“Then the idiot who praises, with enthusiastic tone,
All centuries but this, and every country but his own…”
Koko (“I’ve got a little list”), The Mikado
Why did the story of Labour’s Jeremy Corbyn and the Czech spy gain so little traction? Is it because, as UnHerd’s editor Tim Montgomerie believes, a critical percentage of younger people are basically relativists who see no absolute virtue in Britain? Do they believe the former Soviet Union, and for that matter Corbyn’s other interlocutors, the IRA, legitimately saw (and Communist recidivists still see) Britain as being just as badly flawed as all other nations?

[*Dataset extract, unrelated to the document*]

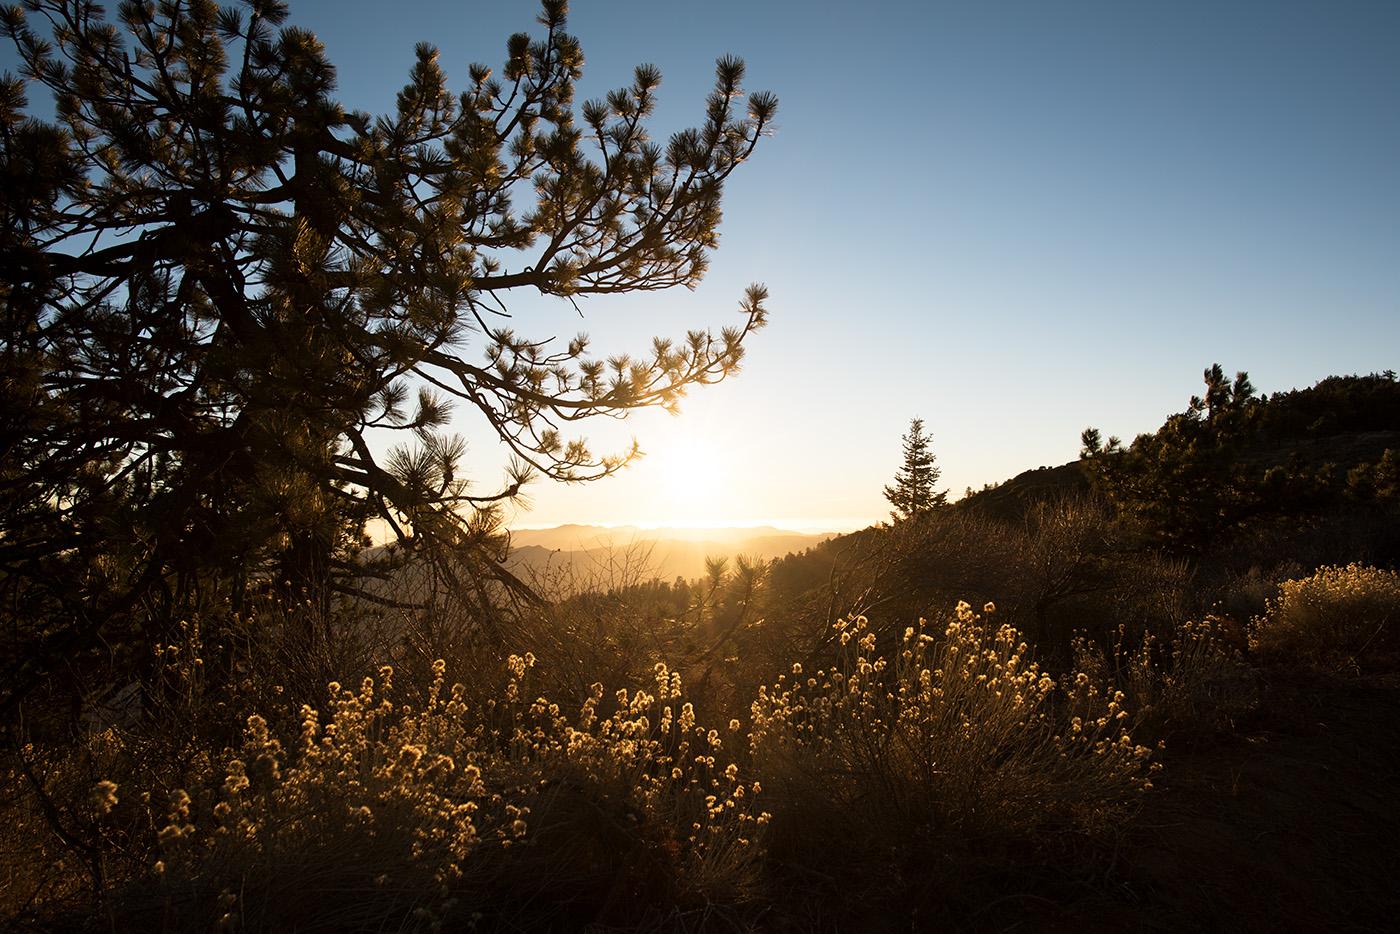 Deborah_Farnault_Sespe_Wilderness_2016_DSC_6065.jpg

Or is it a significant case of amnesia, perhaps even nescience?
No history, only “news”?
The median voter’s age at the last general election was 40; the Soviet Union was dissolved in December 1991, when the median voter was in his/her early teens. The Warsaw Pact – more correctly the Warsaw Treaty Organization of Friendship, Cooperation and Mutual Assistance – of which Czechoslovakia was a key member, melted away even earlier. Declared disbanded at a meeting of Pact foreign ministers in February 1991, in reality, it had ceased to be in December 1989 when the violent anti-Communist revolution in Romania – President Ceausescu and his wife summarily shot – passed without military intervention by other member states.

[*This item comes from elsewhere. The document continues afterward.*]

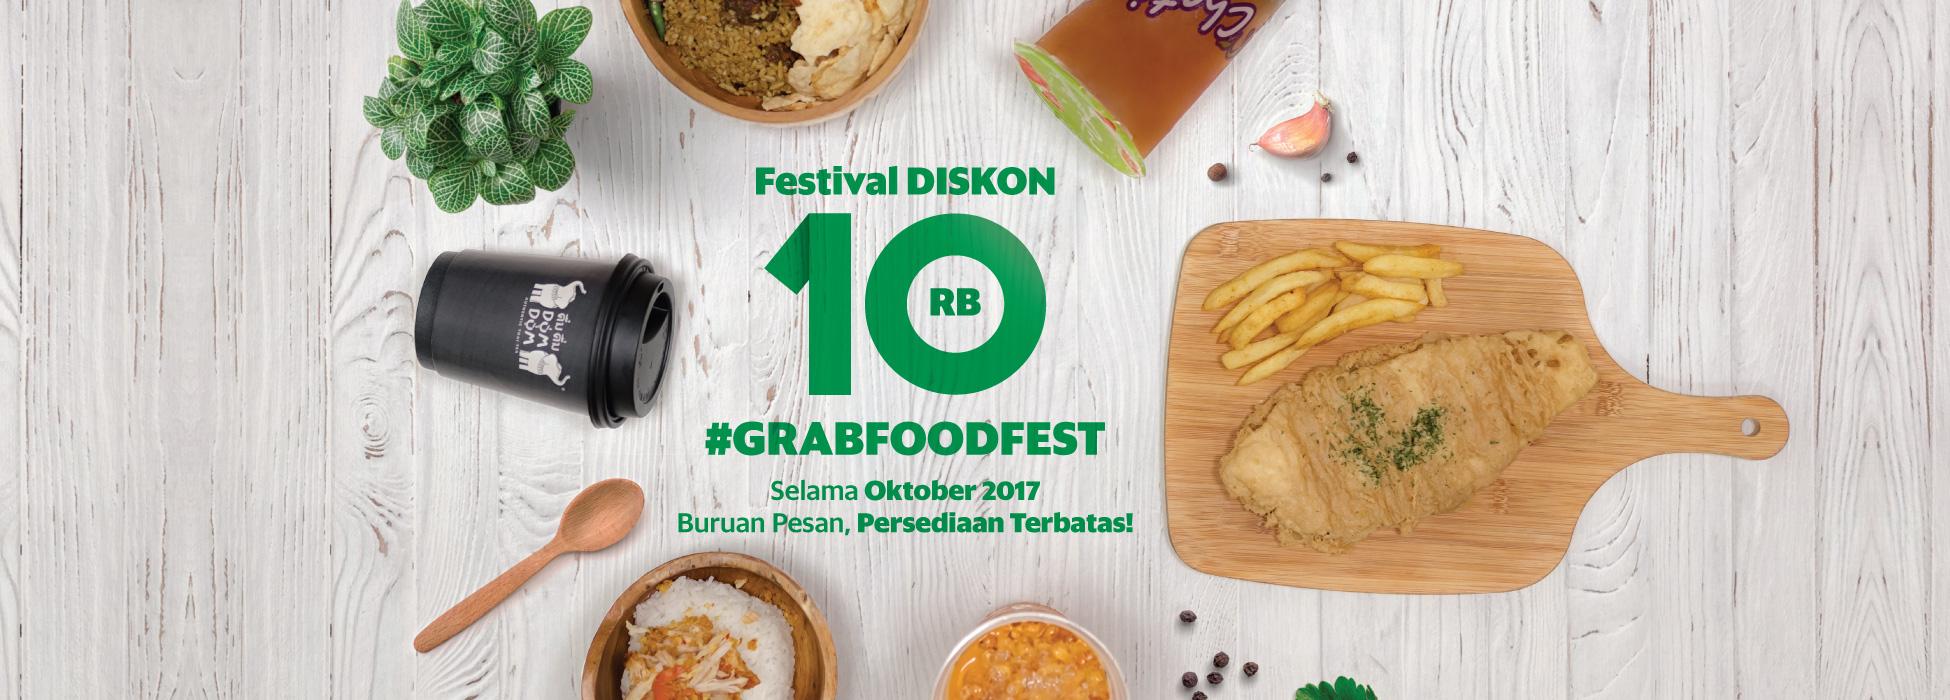 Grabfoodfest Festival Diskon 10ribu Grab Id

That was 28 years ago. The Warsaw Pact is “history”.
Besides, haven’t the relativists got a point: wasn’t the Pact formed (in 1955) only because Nato had admitted the newly independent Federal Republic of Germany?
That is how a narrow chronologist might see it: post hoc ergo propter hoc1. However, in 1955, the USSR was the occupying power in several Eastern Bloc countries still. Moscow wanted to maintain control over their military forces and of those of countries they had occupied in 1945 but subsequently withdrawn from under the Yalta agreement with the former Western Allies (having first made sure there was a Moscow-oriented Communist government in place) – notably Czechoslovakia.
Czechoslovakia was indeed a key Eastern Bloc country. It shared a long border with the German Democratic Republic (DDR) and Poland, and like the DDR it was on the frontline with the Federal Republic of Germany. If it ever came to war with Nato, the Soviet-equipped Czechoslovak army and air force would have a key role. Moscow’s influence in Prague was therefore of the essence.